Essential Album: A Rush of Blood to the Head (2002) – This album is the closest Coldplay sounded to having the grandeur of other British legends like the Beatles and Joy Division. The band made comforting songs like “Clocks” and “The Scientist” while also showing a dark side on songs like “A Whisper” and “God Put a Smile Upon Your Face.”
Red Hot Chili Peppers: California freak-funk outfit that have been going strong since the late 1980s. The band had struggled towards the tail end of the 90s but found a resurgence in popularity when their estranged guitarist John Frusciante rejoined in 1999. Since then, the group has had a stellar track record, delivering funk flavored rockers while balancing pensive melodic ballads across their recent discography.
Essential Album: Californication (1999) – The band’s first record with Frusciante back in the fray produced some of their most memorable tunes and set the stage for success in the 2000s. The band really took this opportunity to showcase all of their strengths from funk rock (“Around the World”) to ballads (“Scar Tissue”) to epic rockers (“Savior”).
Gorillaz: As Britpop legends Blur failed to gain a firm grasp of the U.S. market, Damon Albarn struck out on his own with his brand of zany alternative rock with influences from electronic musicians like the Chemical Brothers and Daft Punk. Albarn also broke new ground on MTV by making Gorillaz one of the first virtual bands — with individual cartoon plot threads and storylines to go with each imaginary band member. As the years have gone on, Albarn has been flip flopping between Gorillaz and Blur, but the live shows put on by Gorillaz are spellbinding.
Essential Album: Demon Days (2005) – This album’s dark concept of the apocalypse helped to reflect the paranoia that the world felt in the mid-2000s. Songs like “Feel Good Inc” and “Dirty Harry” layer infectious dance grooves over lyrics of hopelessness that reflect on the end of the world. If this is what the end-times are going to sound like, it may not necessarily be all bad.
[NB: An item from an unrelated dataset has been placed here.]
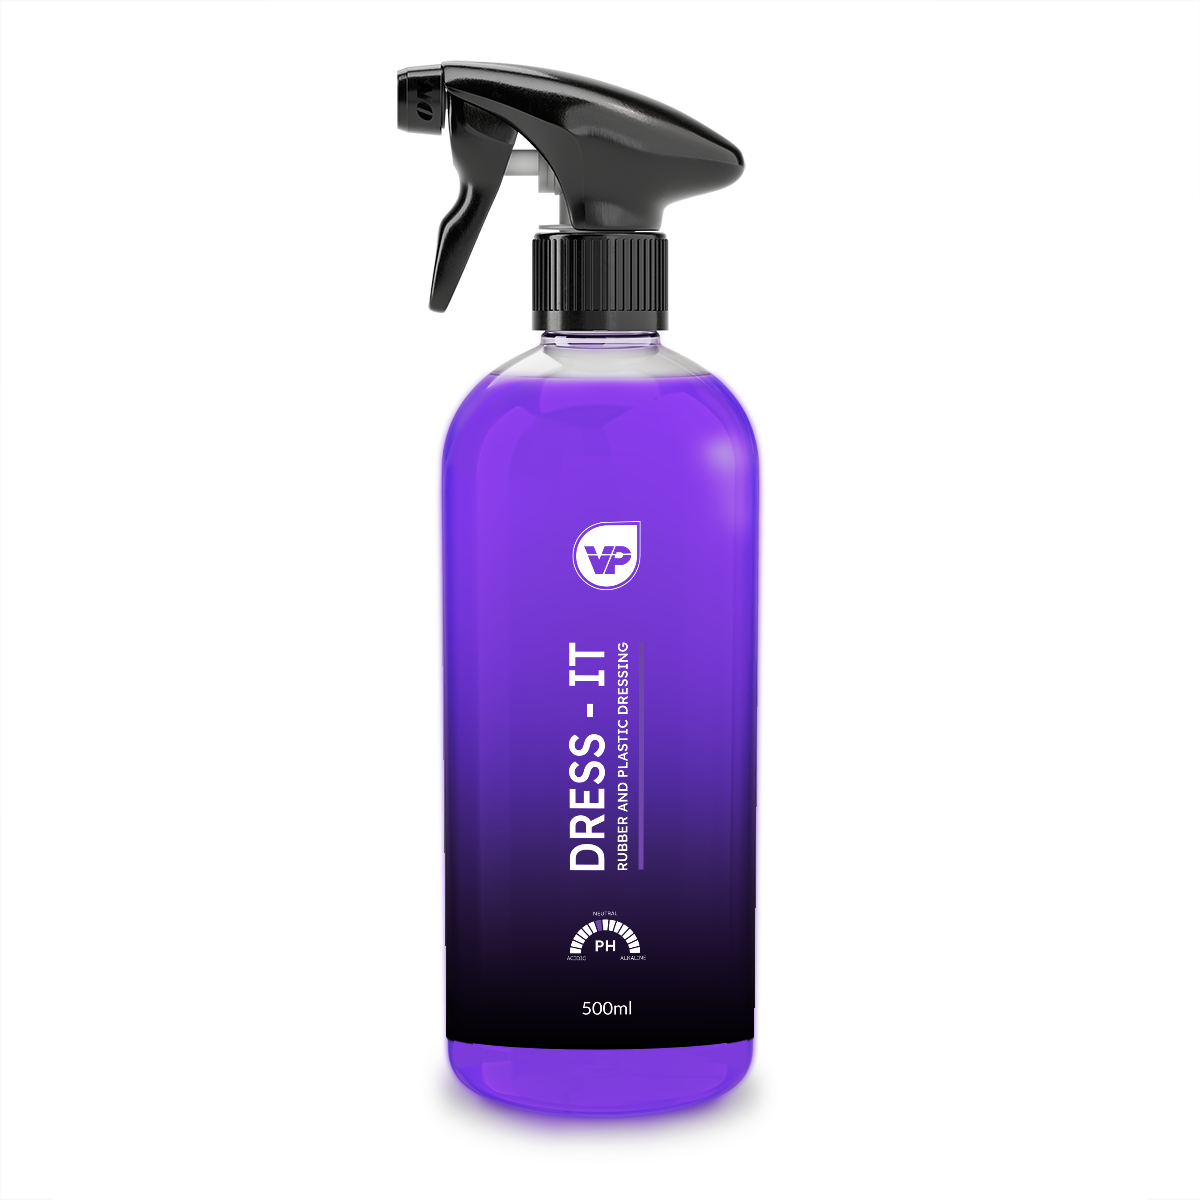 Dress-It-car-rubber-and-plastic-dressing-500ml-VP.png

When you break it down, rock was not at its cultural zenith at the turn of the century. As the form waned from the Billboard charts, many of these bands were able to break through into the mainstream. Bands like the Strokes or the White Stripes were never the pinup stars from rock’s glory days, but rather spoke to the ethos of rock’s mentality in the present day.
These groups combined an independent aesthetic with the rock’s traditional anti-establishment attitude.
It’s tempting to look at rock in the 2000s as the genre’s dying gasp, but the mark left by these bands mentioned above is being felt among up and coming bands.
Muse have come up the ranks as a band with a sound that is reminiscent of Radiohead. Harder rock outfits like Badflower have been tinkering with blues-based styles that are indebted to the Strokes, while groups like the 1975 are adopting the synth pop flavors of bands like the Killers. Bands like A Day to Remember — who are known as a metal band — express many pop punk tendencies in their delivery.
When taken on the surface, rock seems to be floundering in an unknown place in today’s music scene. But the key to finding stellar acts is to not chase to find them. The best bands don’t come to you on a silver platter nowadays, so keep your ears open whenever possible to find your own rock gods.
Rock may not be in the spotlight as prominently as it once was in the 1970s, but these bands are the reasons why rock will thrive for generations to come.